Riley’s team also found additional images at DreamWorks. “We found little bits of great background elements or an image – say of a building or a cliff or some clouds – just pinned up in the hallway at DreamWorks,” he said. “We’d ask to use it, and a couple of hours later, [production manager] Jeffrey Paul Hermann would hand us a jump drive with Photoshop files.”

Staying in Character
Head of story/dream sequence director Jennifer Yuh Nelson helped guide Shine with regard to the character actions. “She provided insight into what they might do,” said Riley. “For example, in the opening scene, she came up with a funny gag. Po was dramatically swinging his sword around, and there was this blow-up punching bag next to him. He waves the sword at the punching bag, loses control of the sword and then bumps the punching bag out of frame. His own clumsiness and silliness pushes the bag away, not the sword. Po’s talents are not being a great sword warrior but his funny personality gives him his power.” Riley also credits directors Osborne and Stevenson and producers Melissa Cobb and Hermann as being “instrumental in helping us interface and keeping the dialogue moving along.”

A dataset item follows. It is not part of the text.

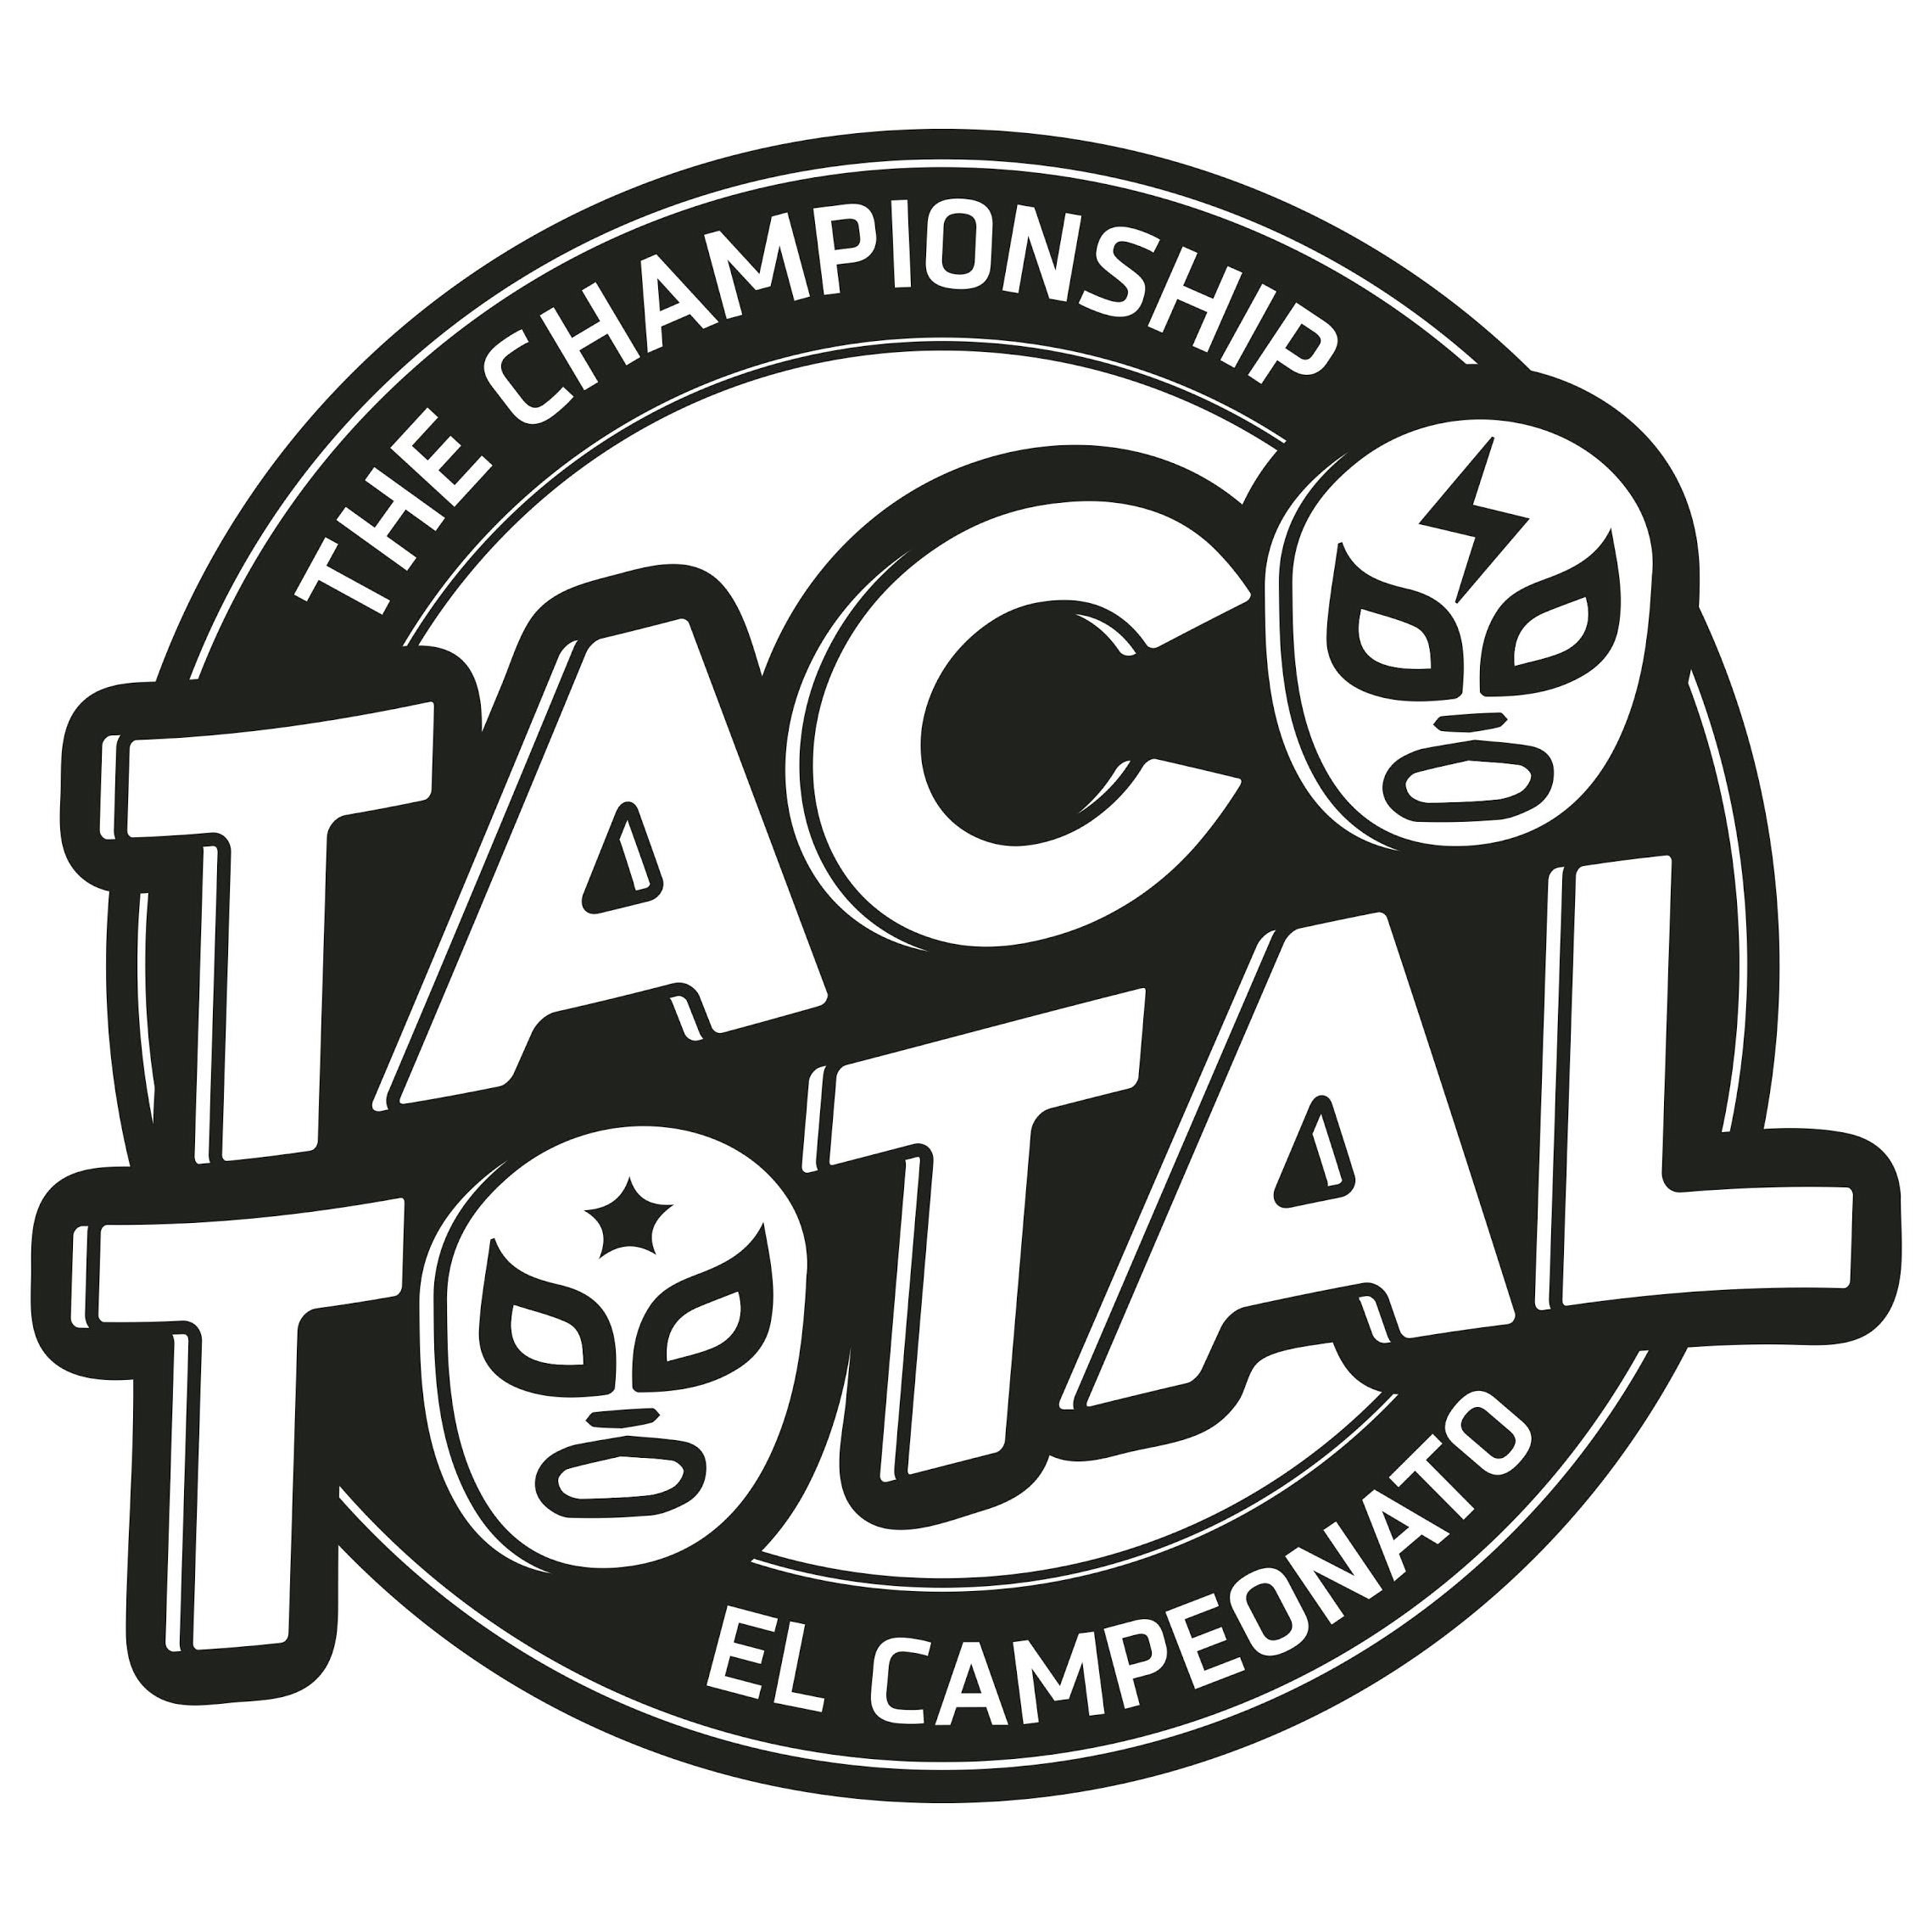  THE CHAMPIONSHIP TACO TOTAL EL CAMPEONATO

Shine hadn’t previously done cel animation work, so this part of the project required ” a huge amount of collaboration” with a team of 30 animators, clean-up artists, ink-and-paint and lighters from both James Baxter Animation and DreamWorks Animation. “The cel animators would come up with these little animated sketches drawn in pencil and scanned in frame-by-frame,” said Riley. “We’d get QuickTimes that we’d put into After Effects, which we used from start to finish.”

Riley also worked with Jason Wu, a master calligrapher in Southern California, on ideas about Chinese-language characters. “We tried to come up with words relevant to the movie, such as honor, strength, courage, vision, loyalty,” said Riley. “The first idea is that each character in the movie might land on a word that related to them. In the end, we used the characters that said ‘Kung Fu Panda’ before you move into discovering all the characters. We decided to bring the other characters back in the end scroll, and we tied them to match various images.”

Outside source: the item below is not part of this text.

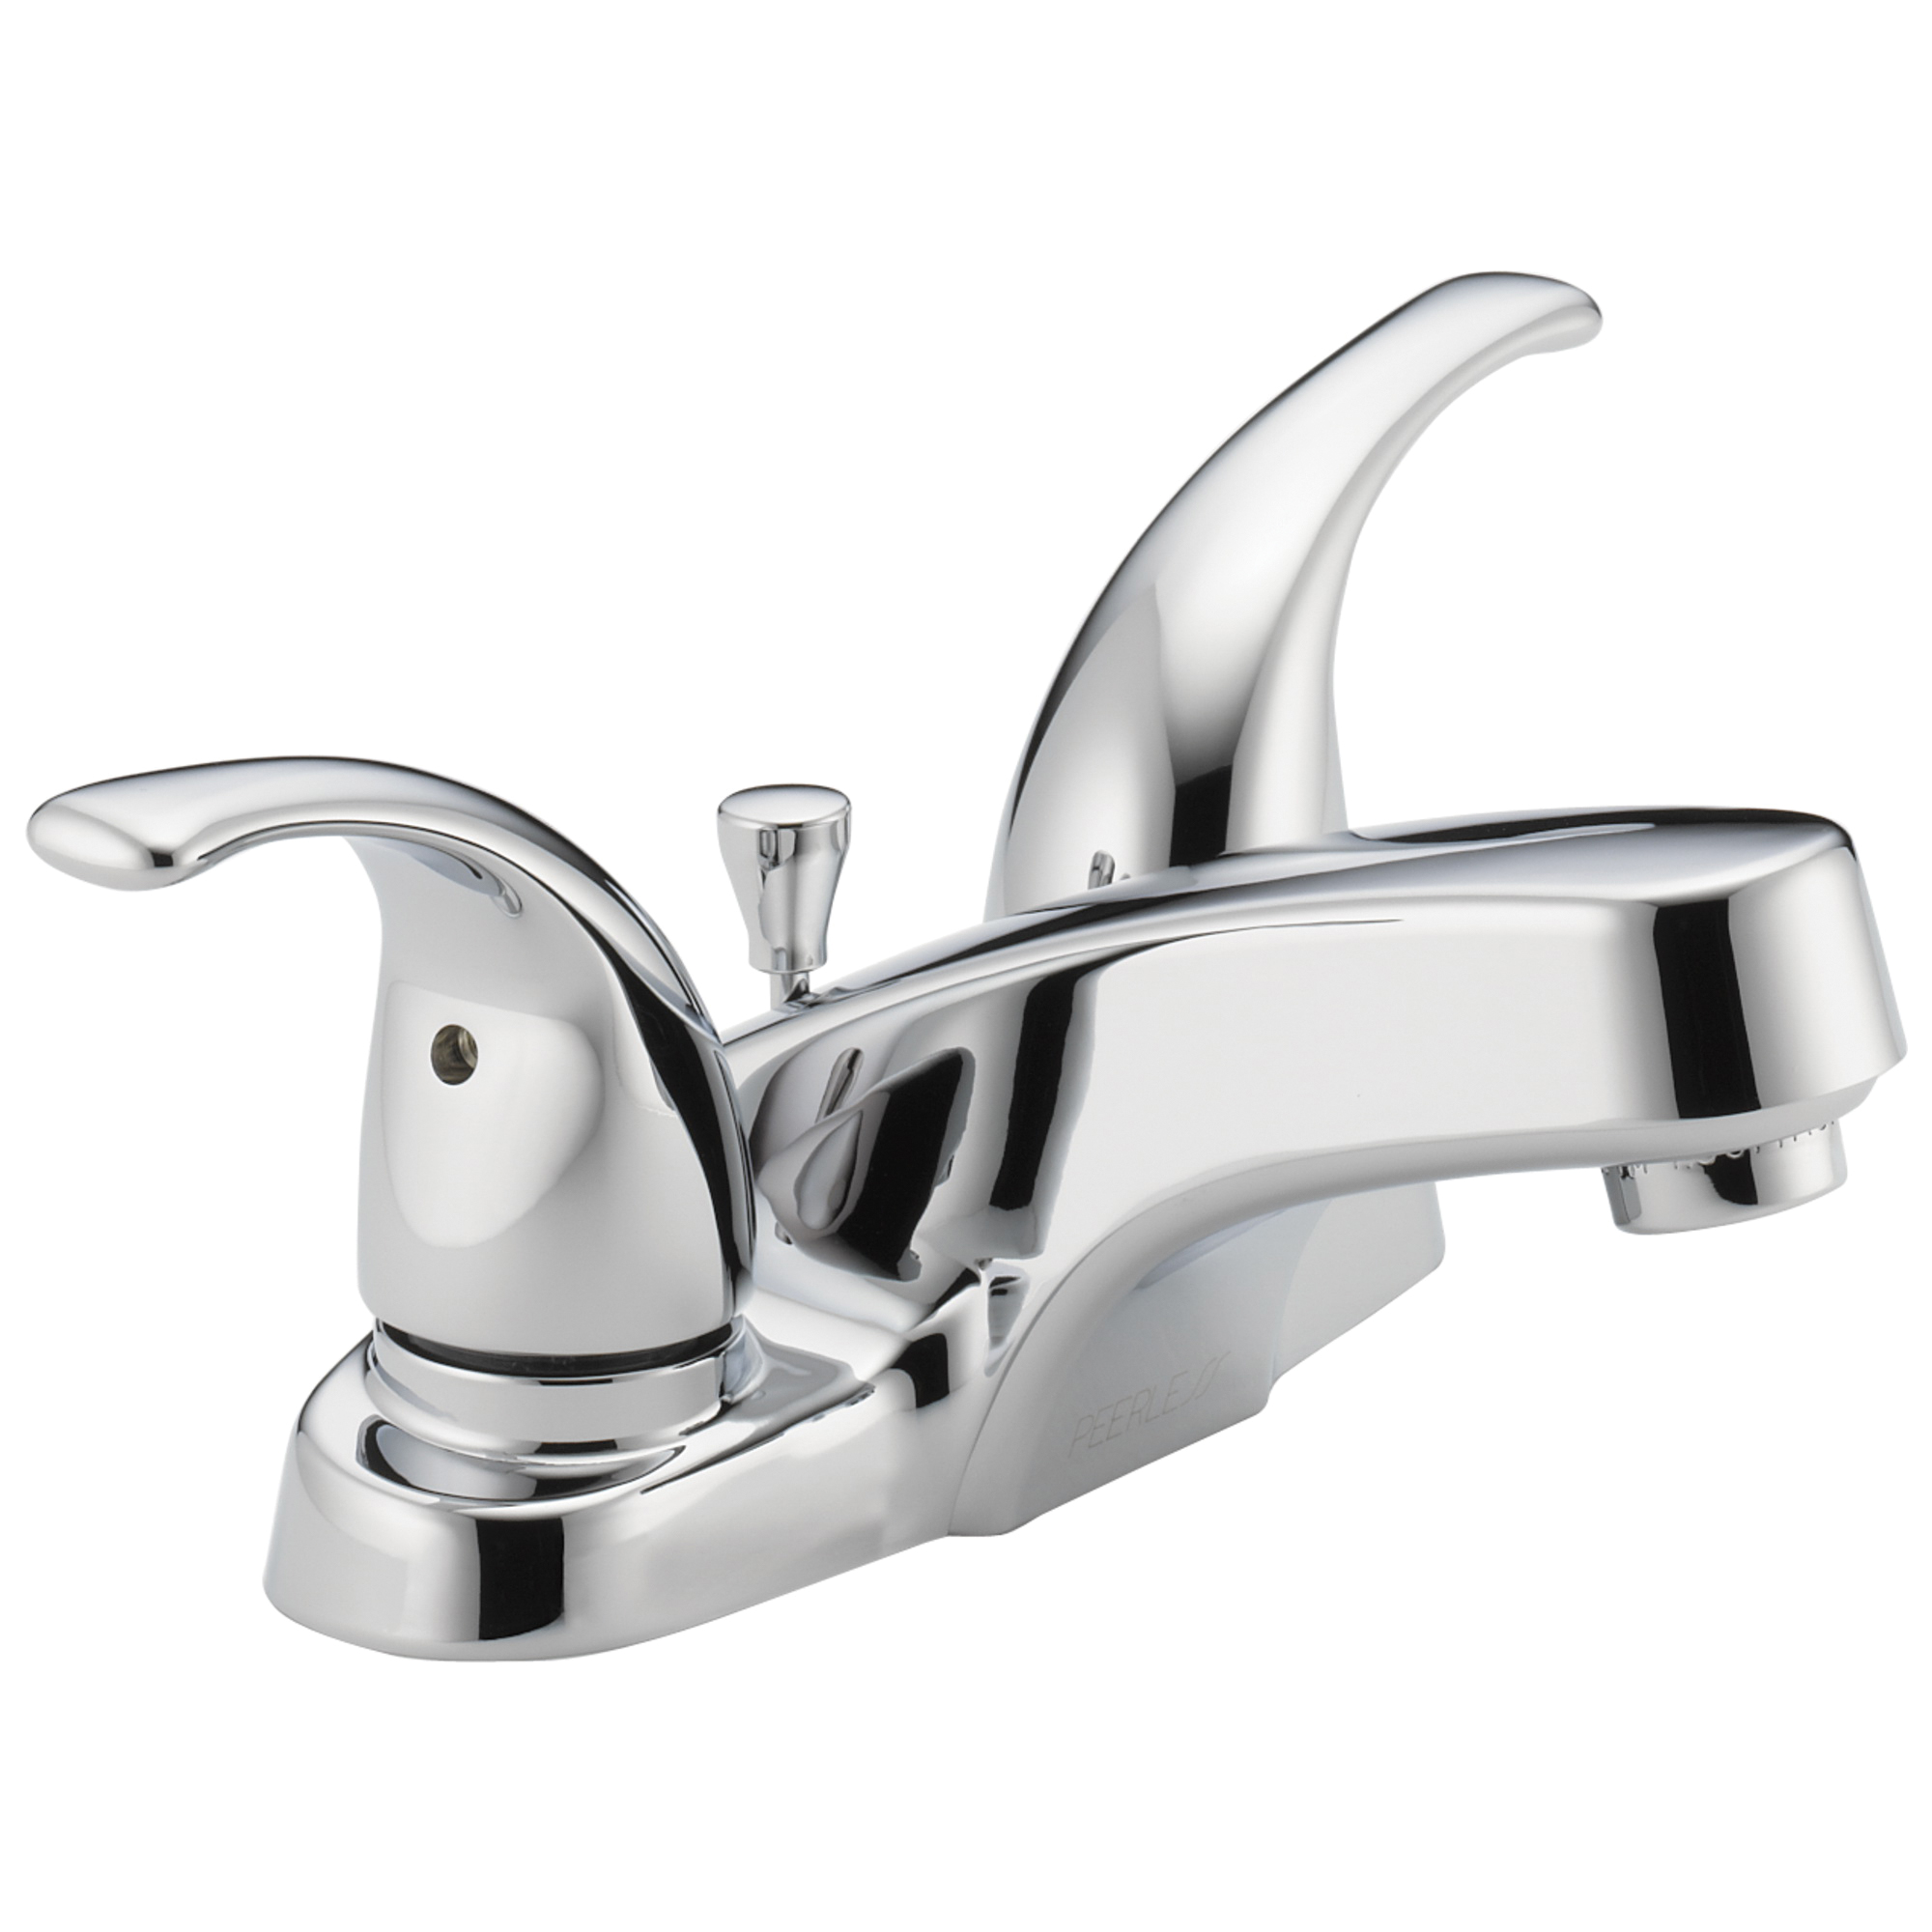 Peerless® P299628LF Centerset Lavatory Faucet, Chrome Plated, 2 Handles, Plastic Pop-Up Drain, 1.2 gpm

Shine’s creative team suggested the idea of a Chinese translation for all of the credits. “We used a red ‘chop’ or stamp for each of the characters and the directed by/produced by production crew credits,” said Riley. Shine originally used an Internet translation program, without much success. Instead, DreamWorks found someone on staff that was fluent in Mandarin. “We had to be careful the translations were exactly right,” said Riley. “When this film goes international, people will see it as a movie with a lot of heart that was true to kung fu movies.” The Shine team took the Chinese characters into Adobe Illustrator to smudge them to look like real ink stamps.

After Effects was also the primary camera tool. “All the 3D camera moves were done in After Effects,” said Riley. The animators used Cambridge Animation Systems’ Animo, and then imported the animation sequences into After Effects as TIFFs. “At first, the illustrations were QuickTime movies we placed into 3D camera space, and once they were in color, they were TIFF sequences,” explained Riley. “They had perfect mattes cut, so we were able to move them around in 3D space.”

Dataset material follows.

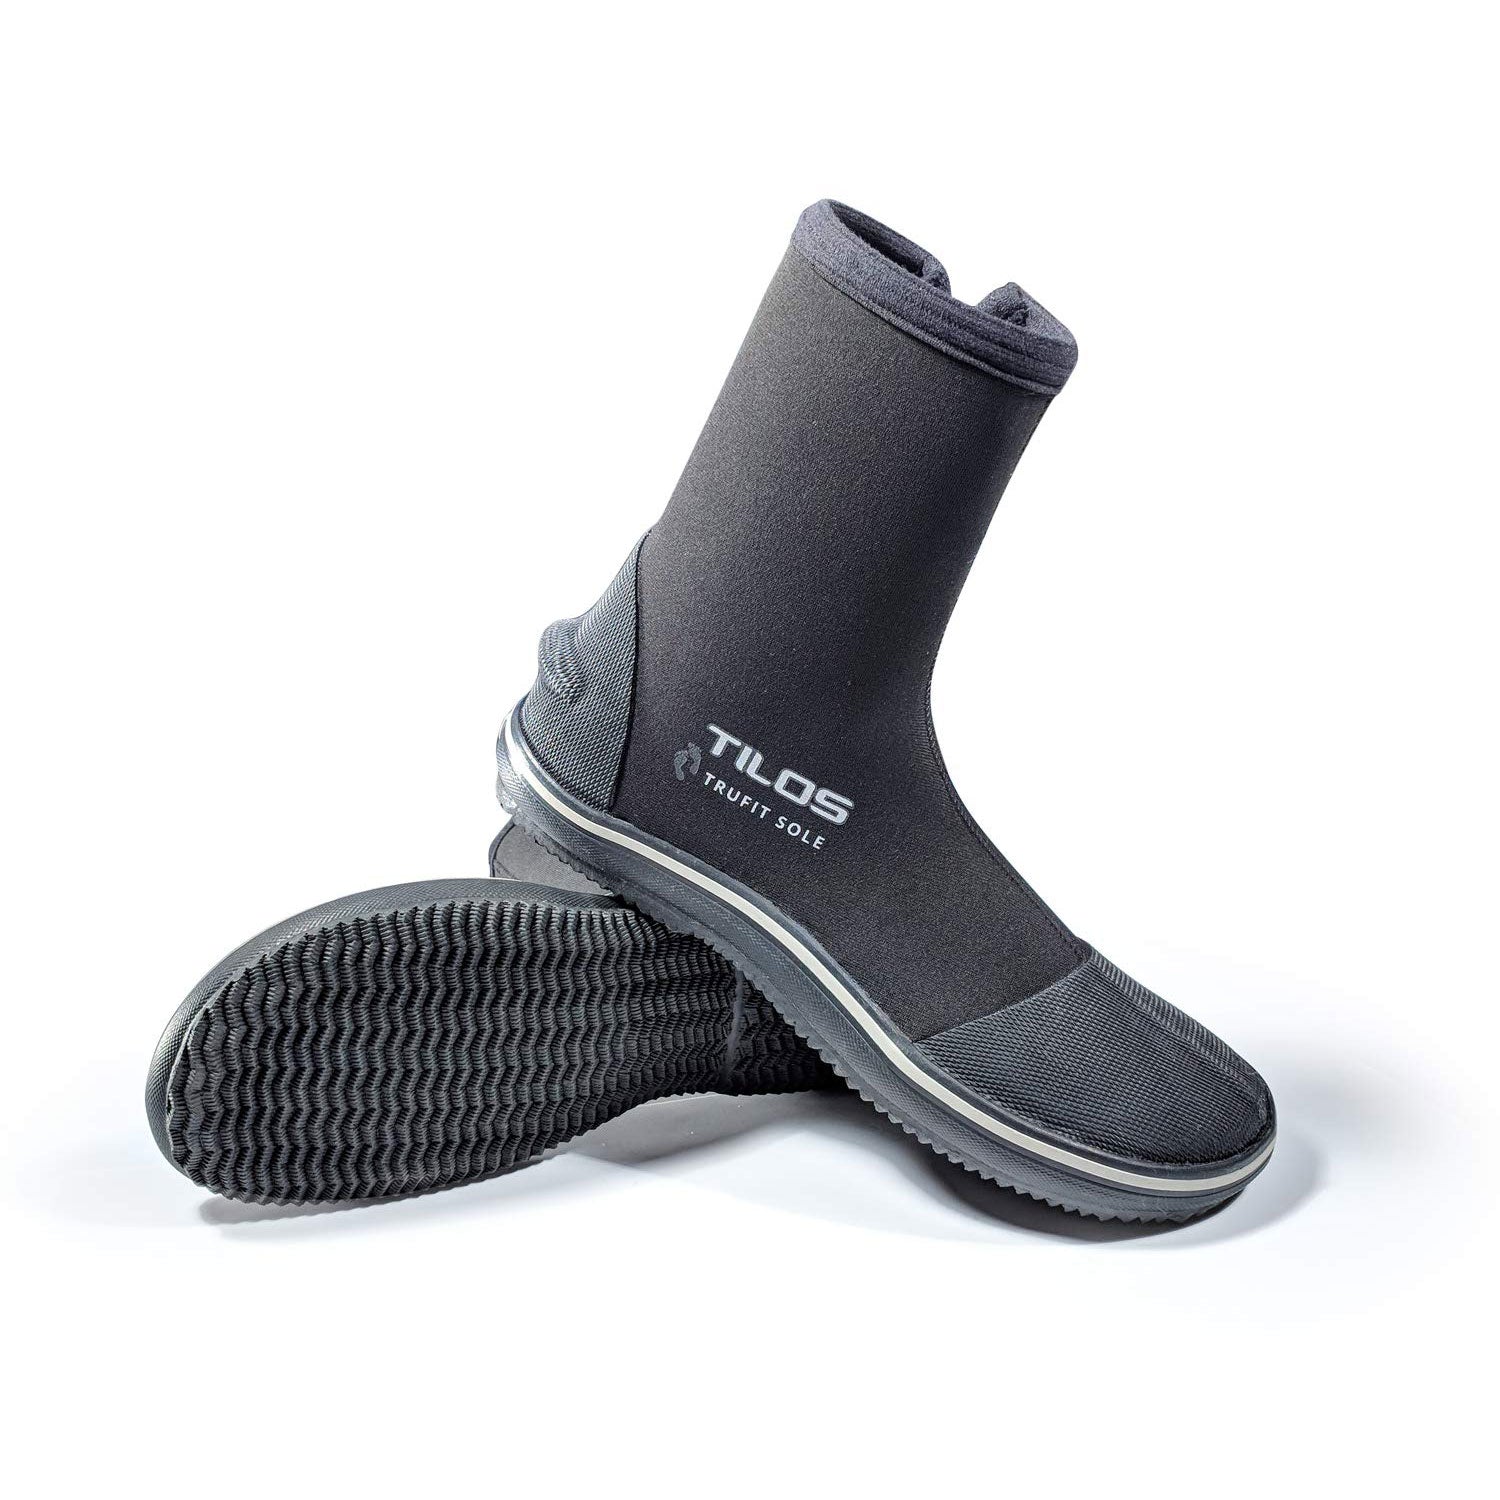 Tilos 5mm Trufit Rubber Toe Cap and Heel Boot - DIPNDIVE

“We wanted to use After Effects because we could see there was a ton of elements, and it would be a much less interactive process in other software,” he continued. “The initial brief from the directors was that they wanted this to be a 2D sequence. If we were to start in 2D and become 3D, After Effects was the perfect tool for that. We could easily swap elements in and out and move cameras around.”

Riley now says he looks back on the experience of creating the sequence “with a lot of fondness.” “This was one of the nicest clients I’ve worked with,” he said. “It’s always great when the process is so much fun. It was a top-down vision and we did our best to follow that.”